Mispresentations about Herpesvirus infections
Misrepresentations about Herpesvirus infections
Another misconception, or sometimes even deception, is about Herpesvirus infections. These rarely play a significant role with old pigeons. There are a number of causes for the appearance of various types of yellow (stuck processes or loose ’tissues’) in the front, in the bottom, in the back, at the top of the beak, varying from Trichomoniasis to pox diptheria, from Herpes II (young pigeons) to yellow tissues after heavy flights in hot weather (blocked nasal passage). Candida also sometimes has yellowish-white lesions, but that is quite rare.
Herpes infections or Trichomoniasis?
We were consulted by several fanciers who thought their pigeons had a Herpes infection! Pigeons were dying, usually the youngsters in the nest, from about ten days old, but also older than 10 days. The parents of these pigeons sometimes had yellow ‘lumps’ in their beaks. Due to surfing on the internet, these fanciers thought of Herpes, but of course it was Trichomoniasis (see picture Trichomoniasis). Which can be treated quickly and effectively.
If you have ever seen herpes in young pigeons, you will never forget it again! I always call it type II. The affected youngsters, usually from 6 weeks old, all die within about 5 days. See photo Herpes II with youngsters.
Photo Herpes II with youngsters.
We never see this with old pigeons.
Once they are at this stage, they cannot be treated. But luckily, we have discovered that the not yet visibly affected pigeons can be perfectly protected by means of a single injection with a specific antibiotic! We invented that trick about 35 years ago and it still works today!
Herpes is not a problem with older pigeons
More than 60% of all pigeons have antibodies against this because they are or were latently infected. They therefore have no symptoms! And if there is any suggestion that this Herpesvirus type I has something to do with ornithosis, then it is not understandable that you can cure this ornithosis complex with the right antibiotics (and we can), because viruses are insensitive to antibiotics. Ornithosis is the biggest problem for the condition and orientation abilities of our pigeons (old and young). And the primary cause is Chlamydia along with bacteria like Haemophilus, Mycoplasma, Staphylococci and some of the other bacteria.

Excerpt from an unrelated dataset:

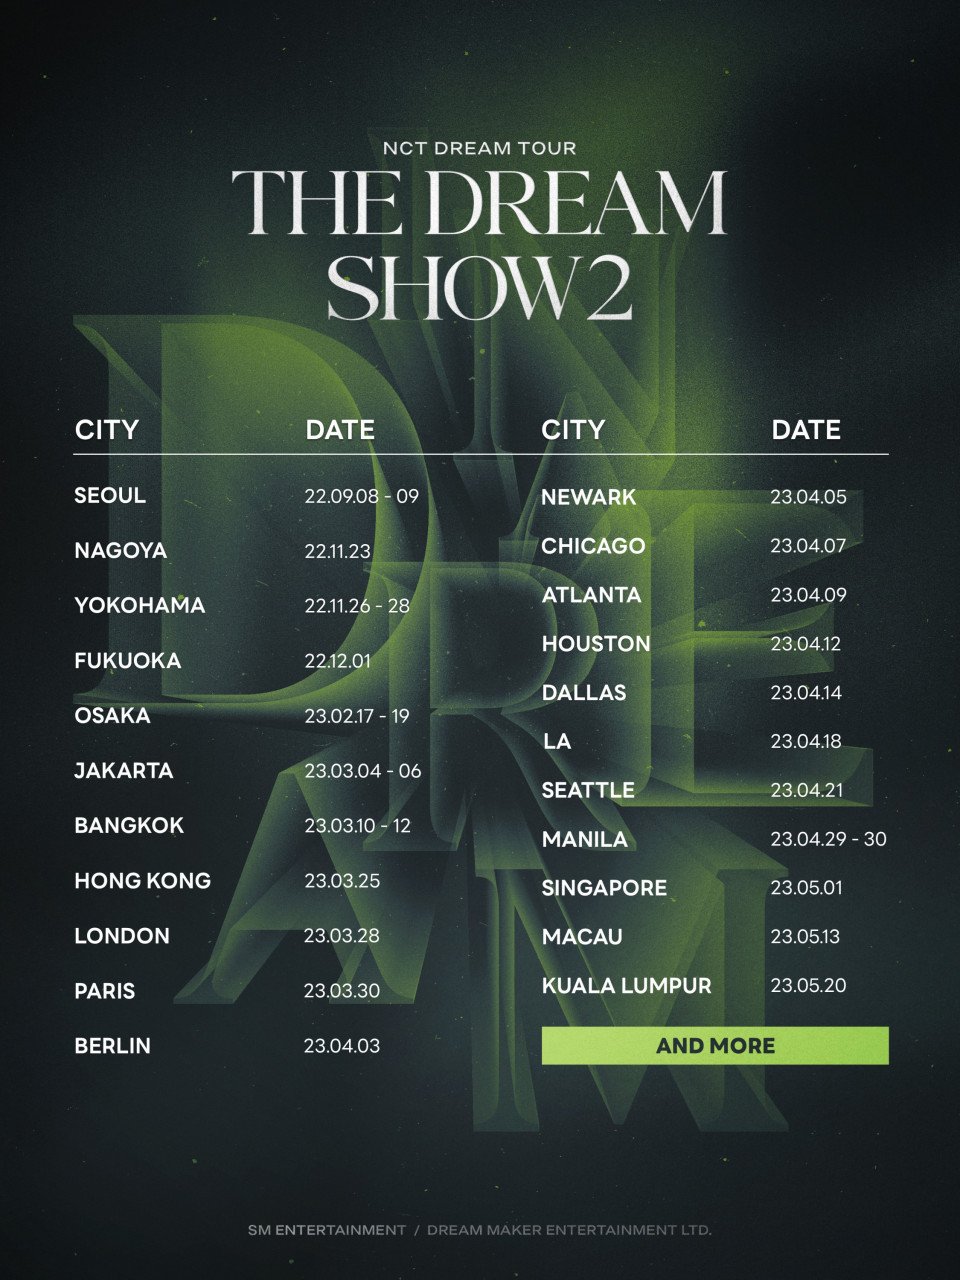 Senarai konsert NCT DREAM pada tahun ini.

At a F.C.I. congress in Brussels, a German colleague explained a study that was done on Jungtierkrankheit (‘Young Bird Disease’). They didn’t think adeno-coli a suitable name and they still don’t know why the disease breaks out so suddenly and so massively. They only had their information from after 1982, while we were already confronted with it in the seventies and had drawn our own conclusions!

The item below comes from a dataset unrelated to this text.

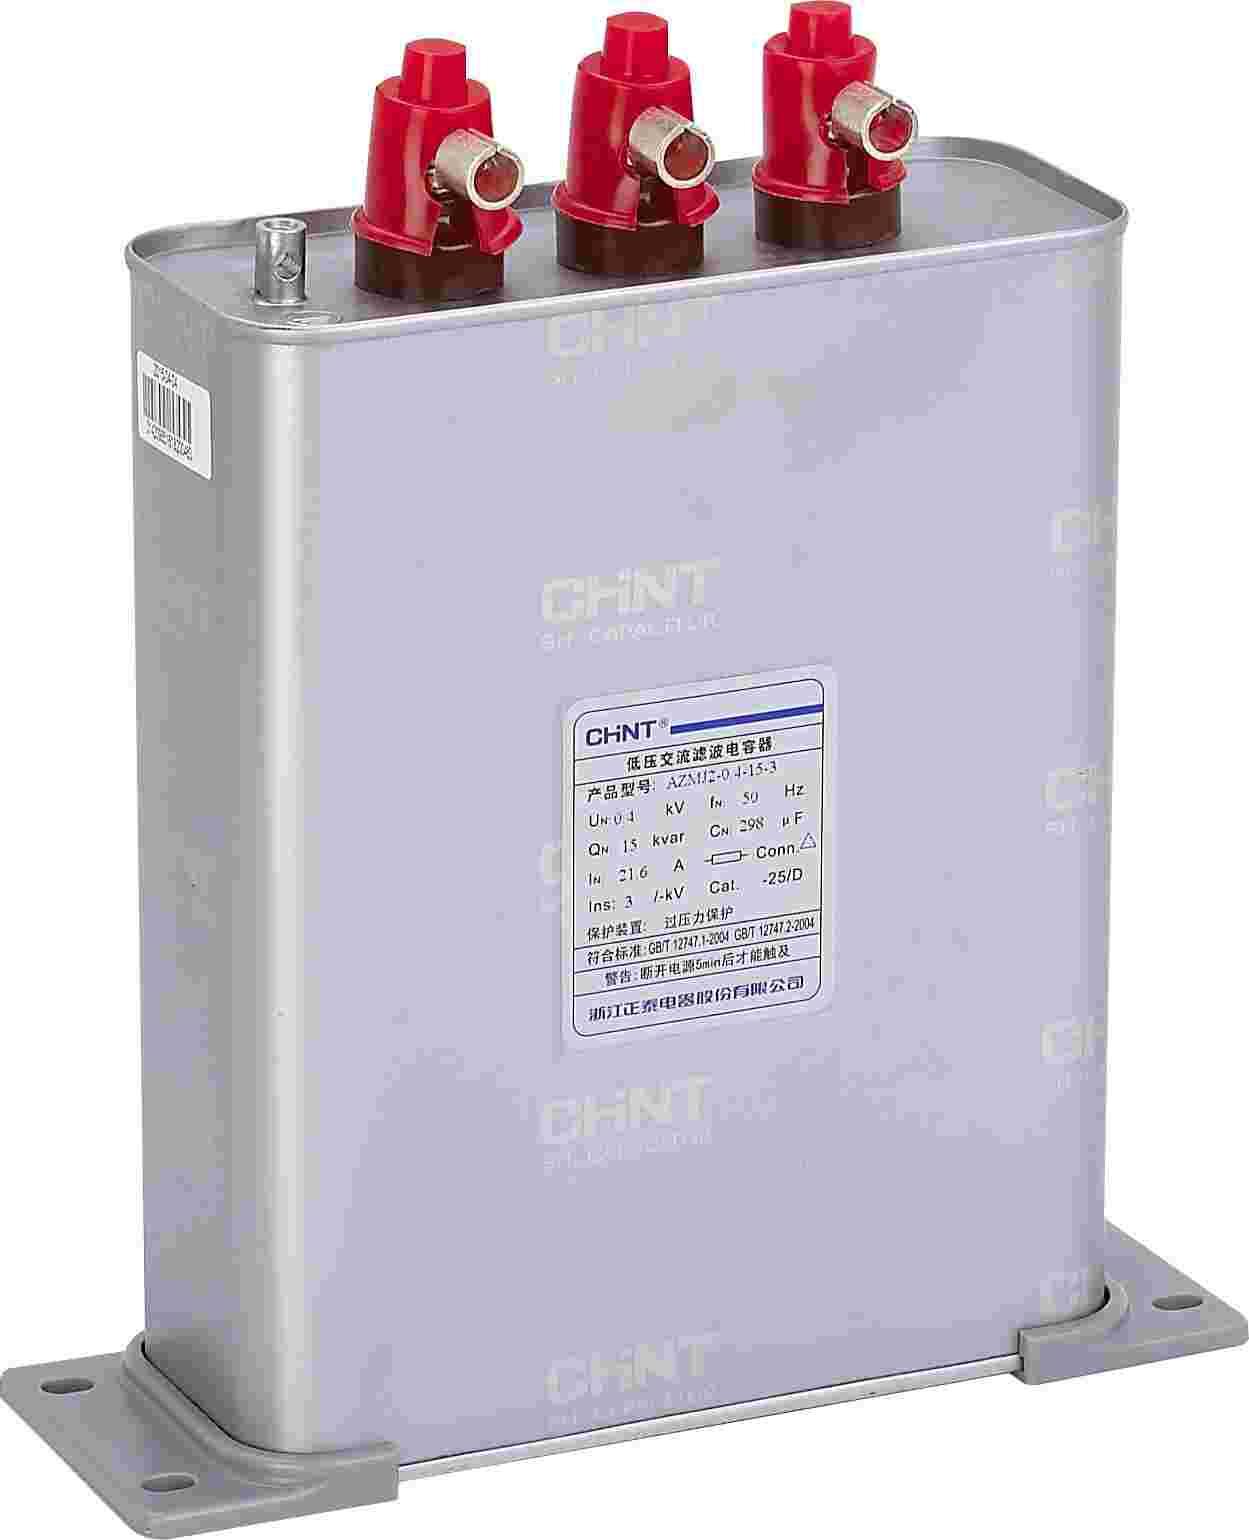 AZMJ2-0.4-15-3 低压交流滤波电容器（抗谐）侧俯图图.png

There were about ten pigeon veterinarians from various European countries and a Polish professor! One of my German colleagues from the German pigeon clinic told me that in the autumn of 2015, she had regularly seen young pigeons with yellow lumps in their beaks, red mucous membranes, very sick and dying. She found Tricho and sometimes Candida, but she didn’t know how to deal with them! She told us that all these pigeons had been vaccinated against Herpes with a Slovakian combination vaccine.
I already suspected what the problem was, showed her the photo with Herpes II (earlier in this article) on my iPhone and told her what the diagnosis was.
Fortunately, this young pigeons-Herpes is rare, although I have seen an increase in recent years!
The moral of the story is that it is very important to know how often diseases actually occur! Is it 5%, 10%, 20%, etc.?
And you can’t learn that from the internet.